The operations being carved up for cash are the strongest ones. The GE that remains might only book $70 billion a year in revenue and generate $4 billion in operating profit.

The Reverse Goldilocks Scenario

While these are still big numbers, when we subtract the overhanging interest on the loans and the unfunded pension costs, the “lean and mean” new GE won’t be raising its dividend beyond $0.01 per share in the foreseeable future.

That’s a problem for the investors who relied on this company for quarterly checks. Granted, selling these businesses and their associated debt would give the balance sheet a lot of breathing room, but it’s unlikely to be enough to reward shareholders right away.

The most bullish scenario I’ve seen indicates that a new GE that is focused on jet engines and power plants will have $230 billion in assets and $183 billion in liabilities.

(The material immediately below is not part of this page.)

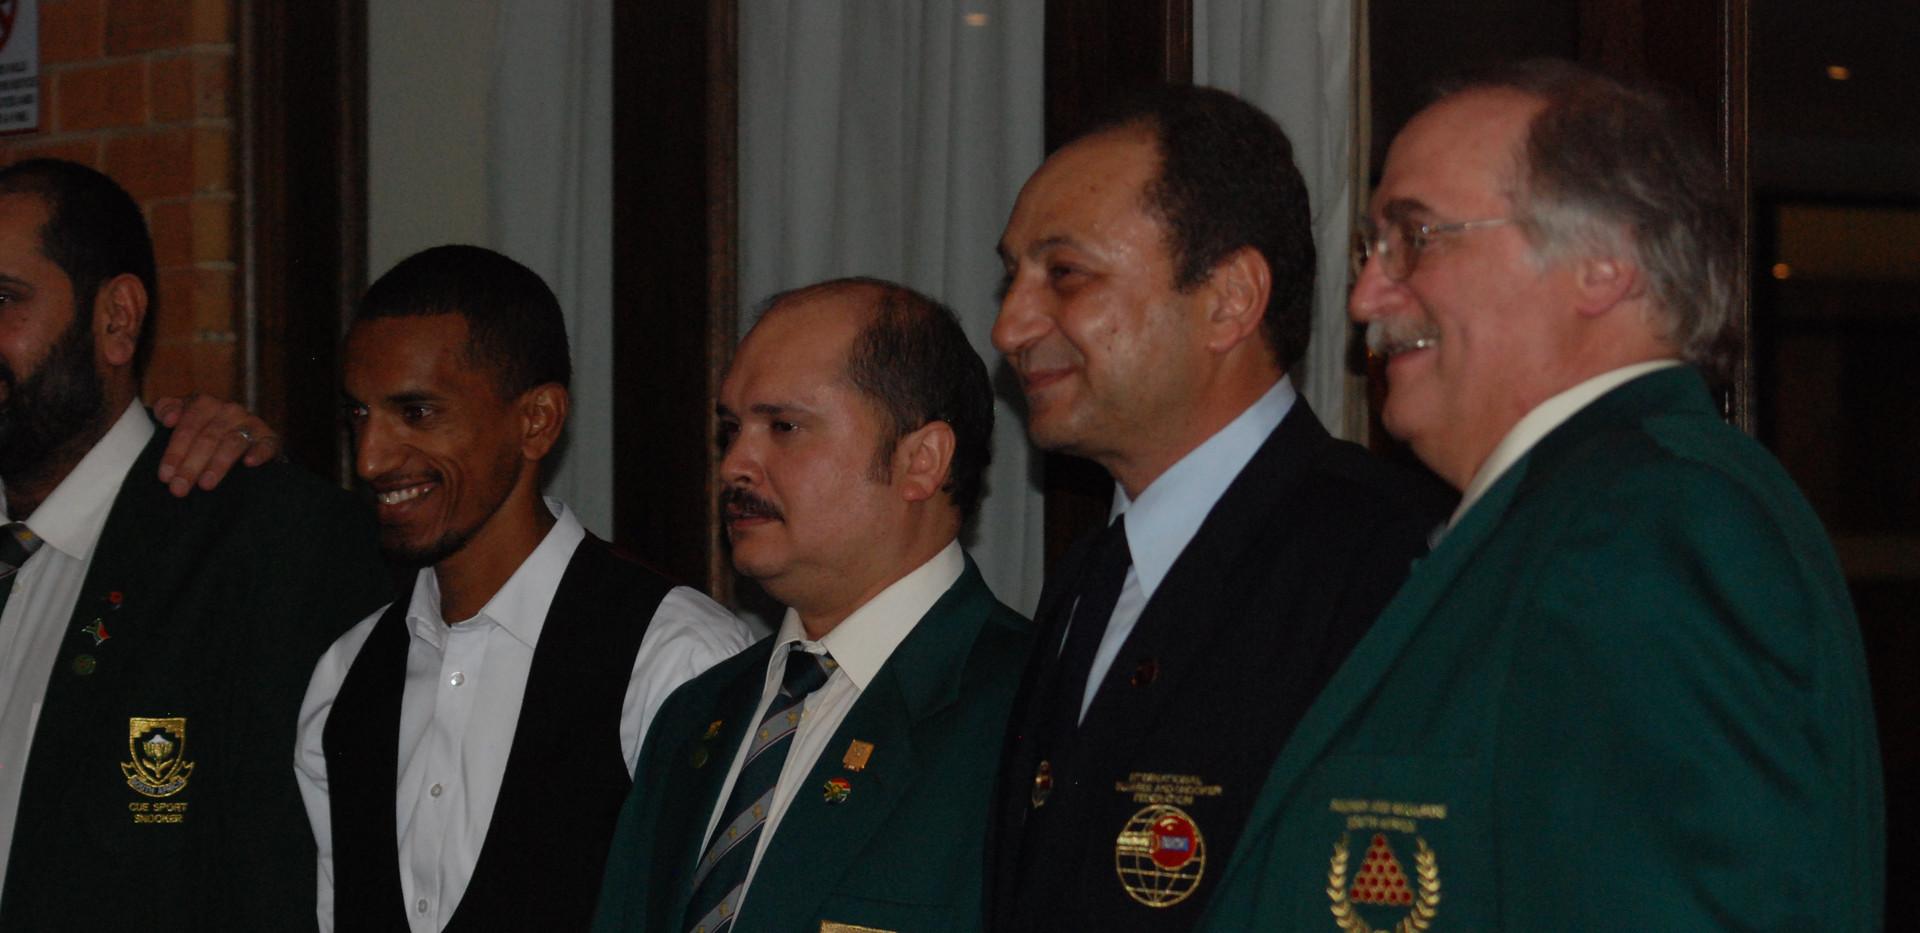 South Africa 2012-34.JPG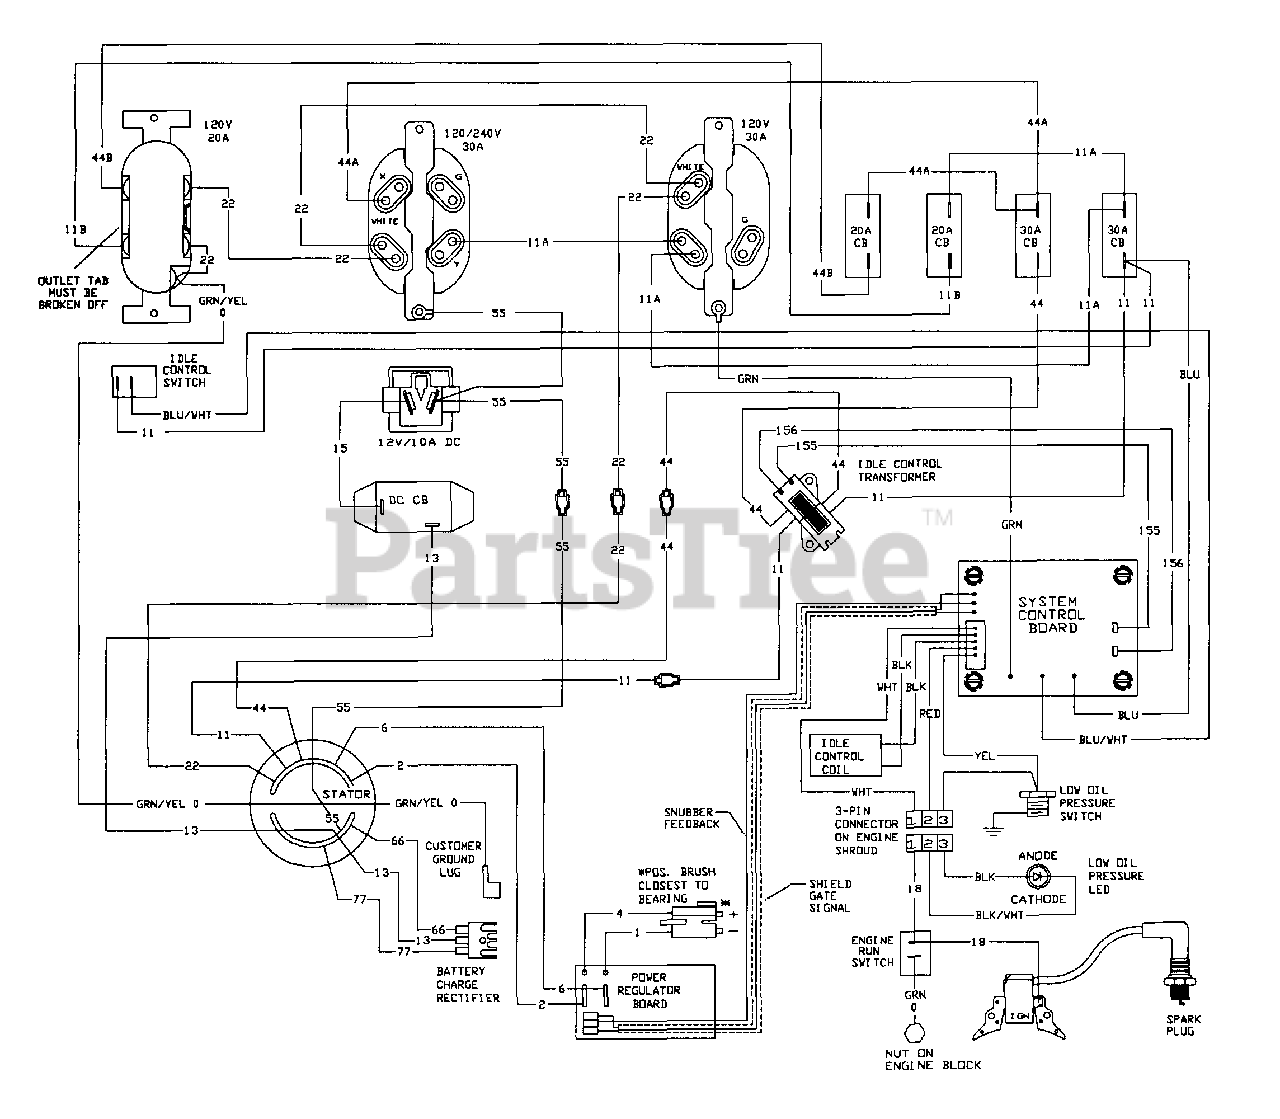 [DIAGRAM] Generac 5500 Watt Generator Wiring Diagram FULL

In absolute terms, the debt load is smaller. But when the figure is expressed as a ratio, it is clear that liquidating its assets to pay down its liabilities only makes GE a little weaker than it had been in 2016.

And sacrificing cash flow as well as its assets ensures that management will feel the pressure to keep selling until, through some miracle, the remaining businesses turn around or there’s nothing left.

The old GE was too big to get out of its own way. The new one may be too small to thrive.

Ultimately, the real salvation for long-suffering shareholders will probably end up being a piece of GE Healthcare. As a standalone company, it might easily be robust enough to pay us $0.10 a quarter in dividends per current GE share.

That’s right. This single unit was carrying 83 percent of the quarterly distribution on its own. Everything else either got lost in the noise or dragged down in the power plant operation’s losses.